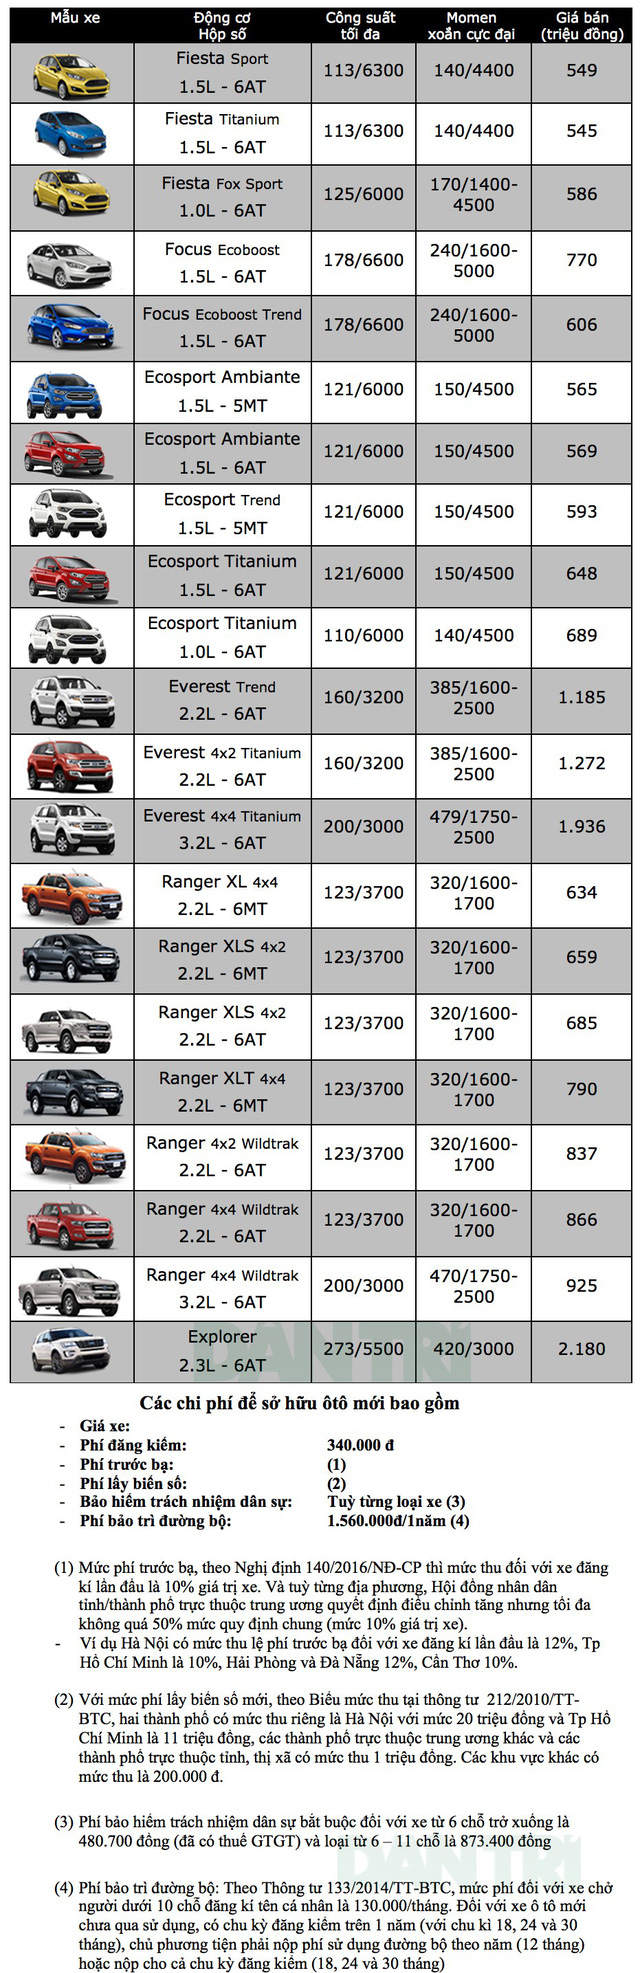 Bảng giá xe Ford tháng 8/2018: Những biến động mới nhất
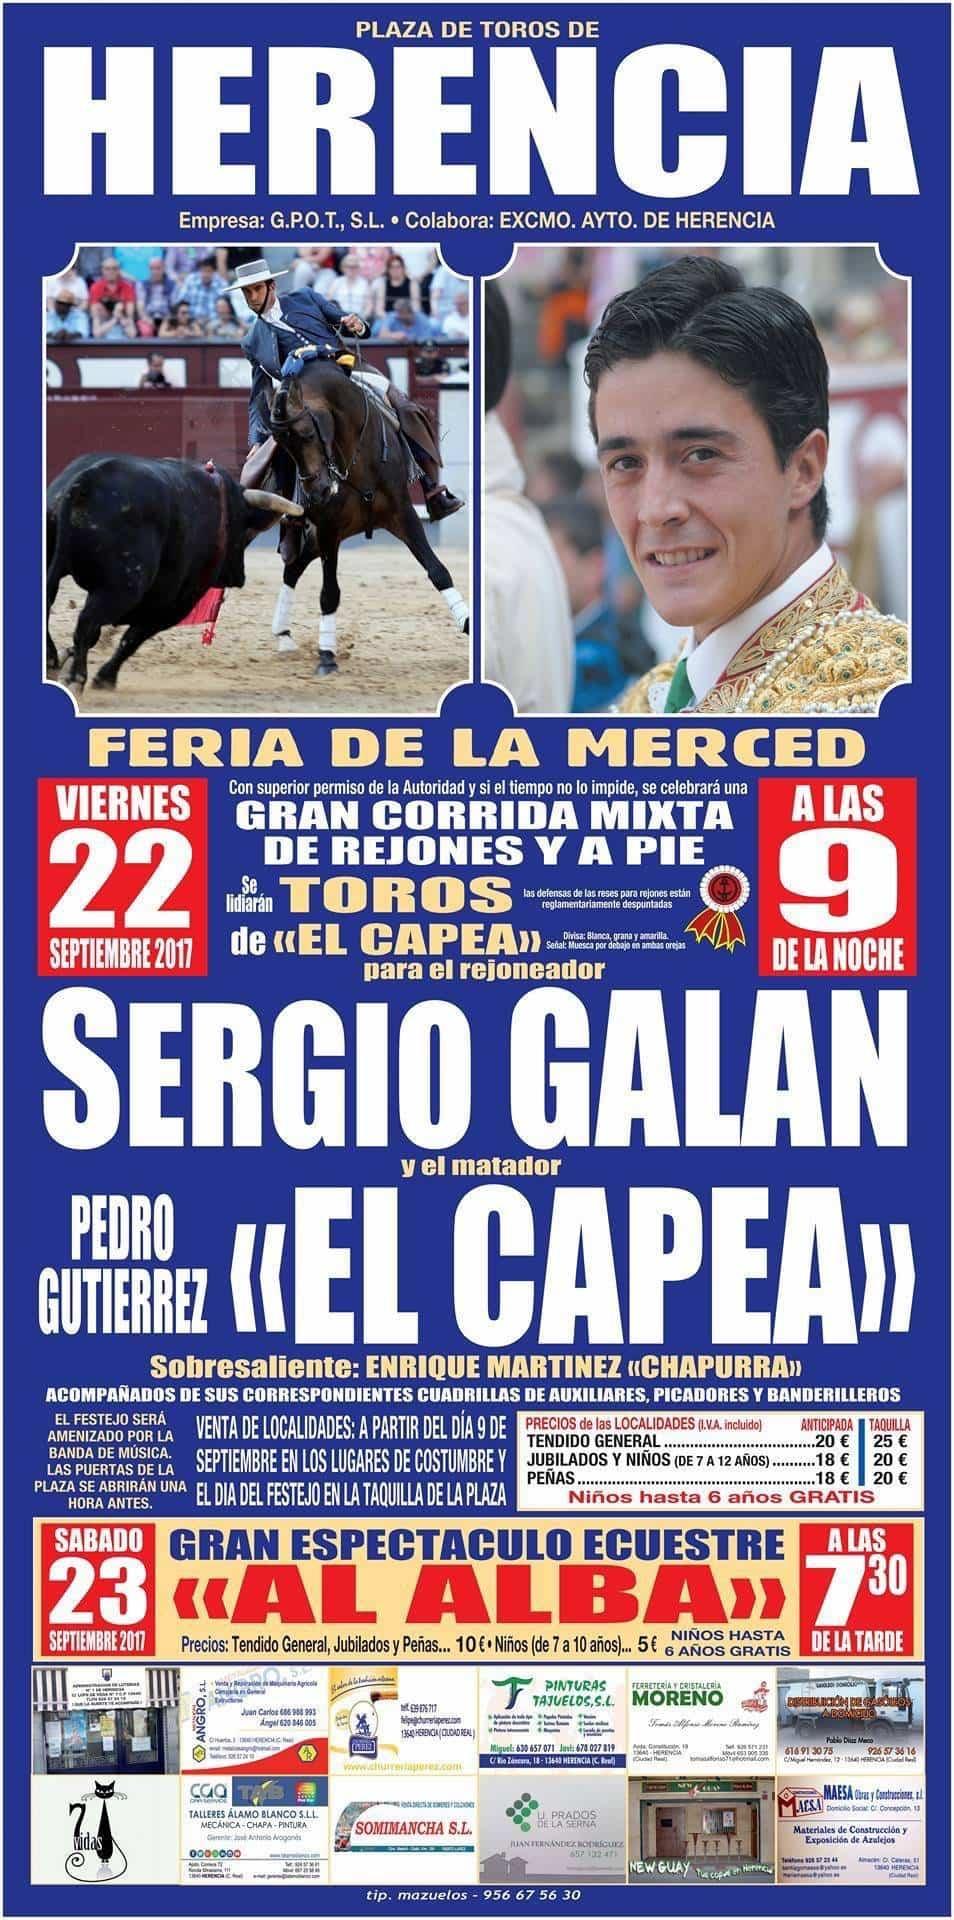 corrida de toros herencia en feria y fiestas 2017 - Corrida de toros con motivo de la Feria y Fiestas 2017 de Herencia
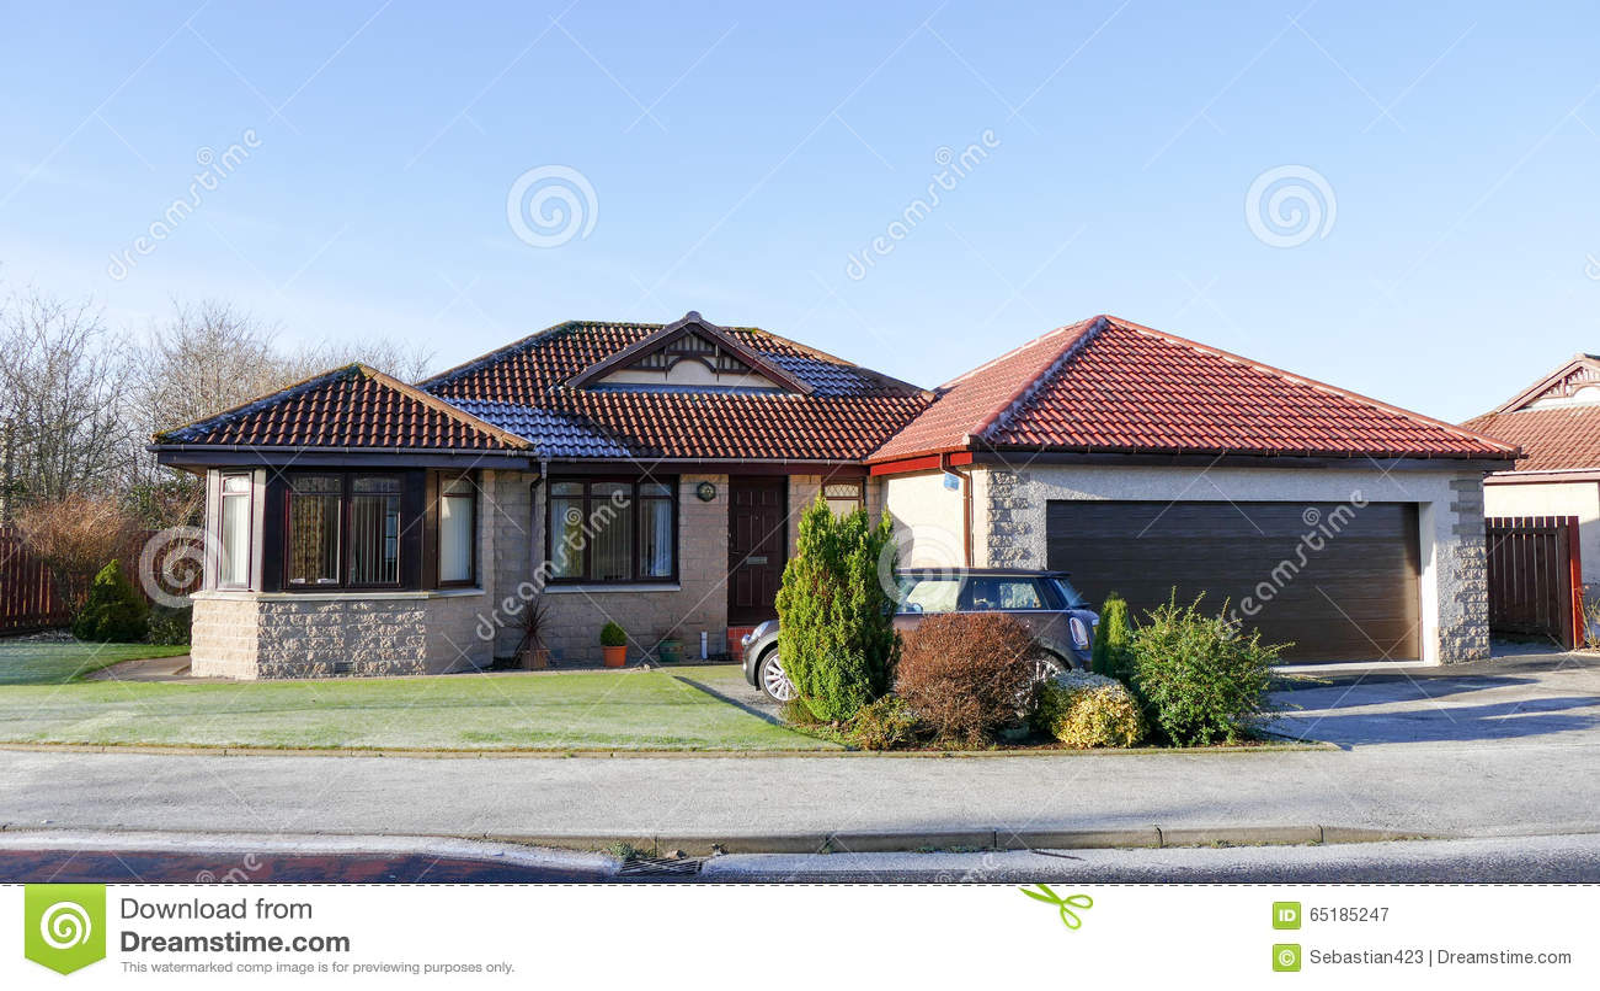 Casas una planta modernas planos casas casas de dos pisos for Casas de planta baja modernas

* [What is being asked] Set the pictures aside and transcribe the data above exactly.

* [Response]
 Bảng giá xe Ford tháng 8/2018: Những biến động mới nhất
 corrida de toros herencia en feria y fiestas 2017 - Corrida de toros con motivo de la Feria y Fiestas 2017 de Herencia
 Casas una planta modernas planos casas casas de dos pisos for Casas de planta baja modernas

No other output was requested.